程序代写CS代考 Semester 2 2021 – cscodehelp代写
Semester 2 2021
Lecture 2: Visualisation – Part II
Basic Visualisation
✓Line plots ✓Boxplots
• Histograms • Bar charts
• Scatter plots • Heatmap
• Parallel Coordinate plots
Histograms with equal width bins
• Commonly used histograms
• x-axis: Divide the range of values into consecutive, non-overlapping,
and equal width intervals.
• y-axis: height proportional to the frequency of the bin
Histogram with variable width bins
• Not very common
• x-axis: Divide the range of values into consecutive, non-overlapping,
and variable width intervals.
• y-axis: height proportional to frequency density—the number of cases per unit of the variable. The rectangle has its area proportional to the frequency
Histogram with variable width bins
By Qwfp at English Wikipedia, CC BY-SA 3.0, https://commons.wikimedia.org/w/index.php?curid=20290683
Histograms – patterns
• Symmetric? Left/right skewed, unimodal, bimodal, multimodal?
Histograms – cont.
• Histograms of the same dataset may look different with different bins sizes
• Problem: Hard to choose an appropriate bin size for histogram • Too small → normal objects in empty/rare bins, false positive
• Too big → outliers in some frequent bins, false negative
Iris dataset
• Well known dataset introduced by statistician with 150 objects (https://en.wikipedia.org/wiki/Iris_flower_data_set)

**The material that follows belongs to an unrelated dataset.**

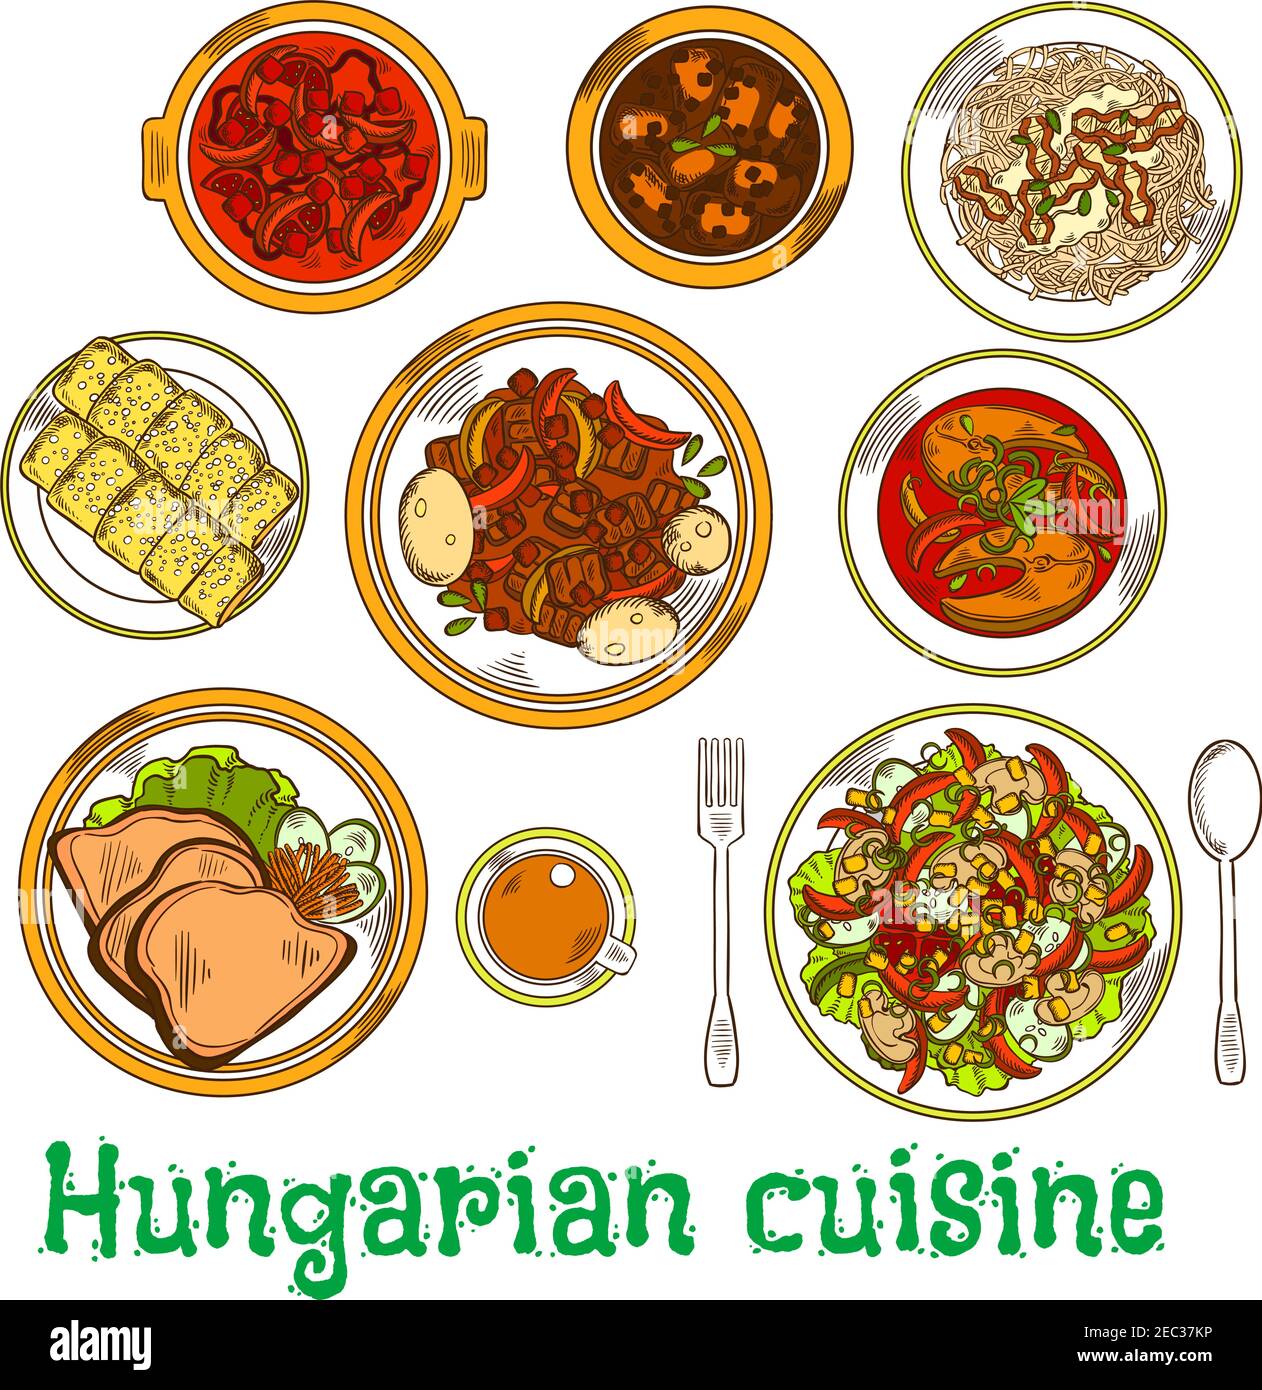 Icône traditionnelle de ragoût de viande hongroise servie avec des salades de légumes assaisonnées de vinaigre, de haricots et de soupes de poisson, pâtes nappées de fromage cottage Illustration de Vecteur
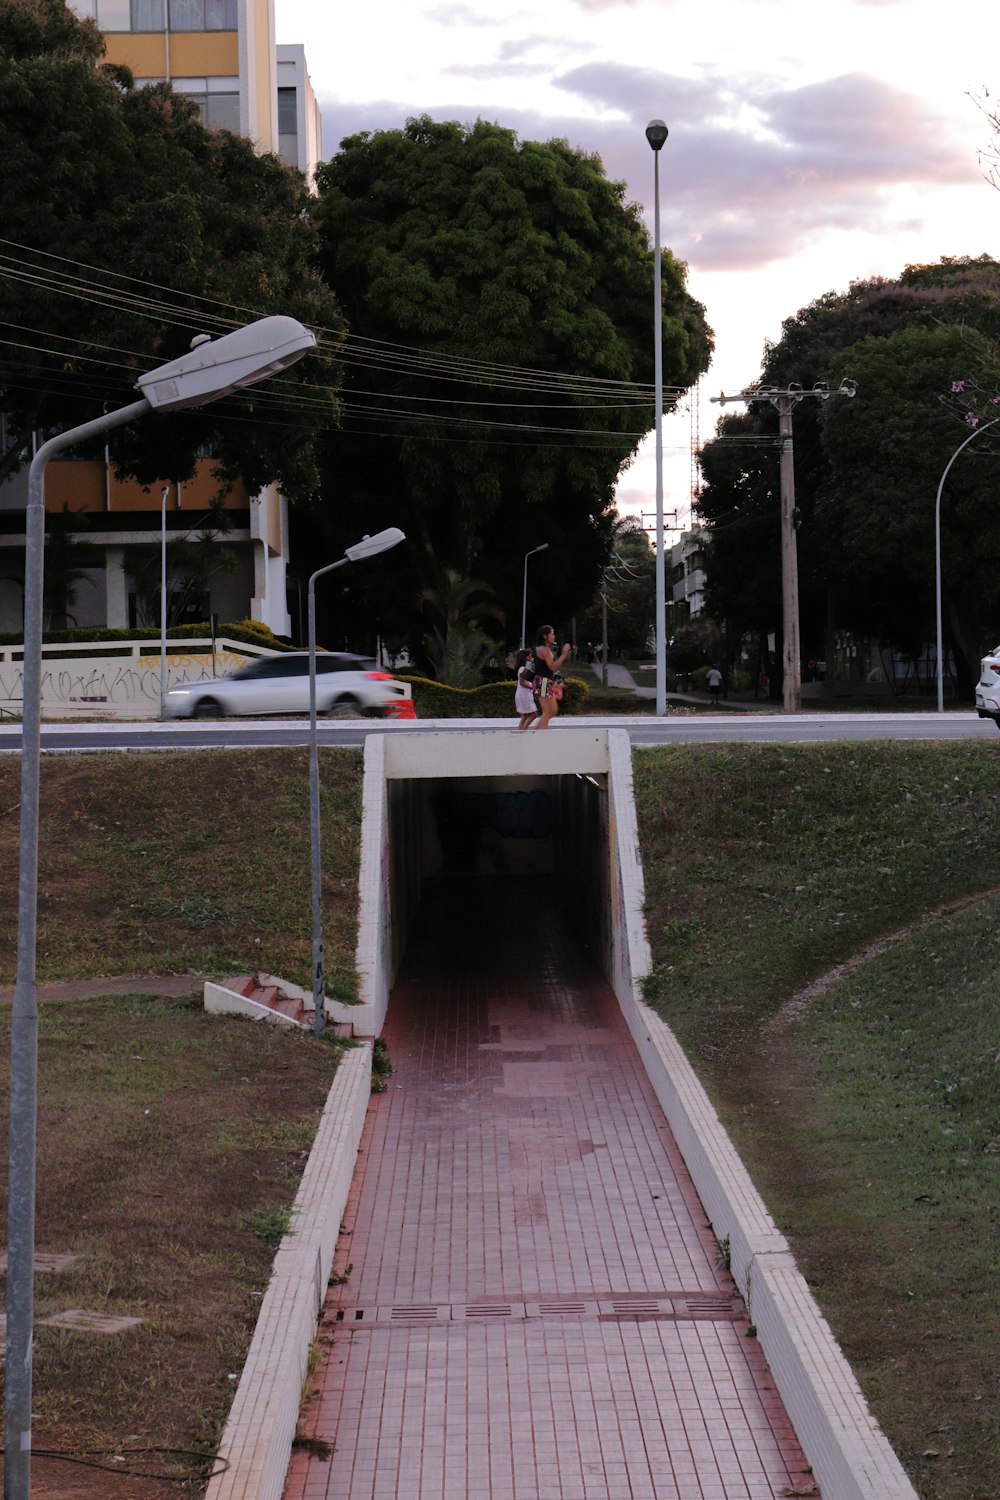 a man riding a skateboard into a tunnel

• Four features • Petal width
• Petal length • Sepalwidth • Sepal length
• Three flower species (classes): • Setosa
• Virginica
• . . Mohlenbrock. USDA NRCS. 1995. Northeast wetland flora: Field office guide to plant species. Northeast National Technical Center, Chester, PA. Courtesy of USDA NRCS Wetland Science Institute.
Histogram – petal width of Iris flowers
Histograms of the same dataset may look different with different bins sizes
Outliers and histograms
Paternity case: “The study of outliers”, V. Barnett, Journal of the Royal Statistical Society, 27(3), 1978
Bar charts
• Summarise data points over a categorical variable.
X-axis: categorical variable
Y-axis: numeric value
Bar charts vs histograms
• Histograms:
X-axis is intervals of a numeric variable Y-axis is the frequency or frequency-density Only sensible to be ordered in one way
• Bar charts:
X-axis is a categorical variable Y-axis is a numeric quantity Can be in any order
They look similar but they have different semantics.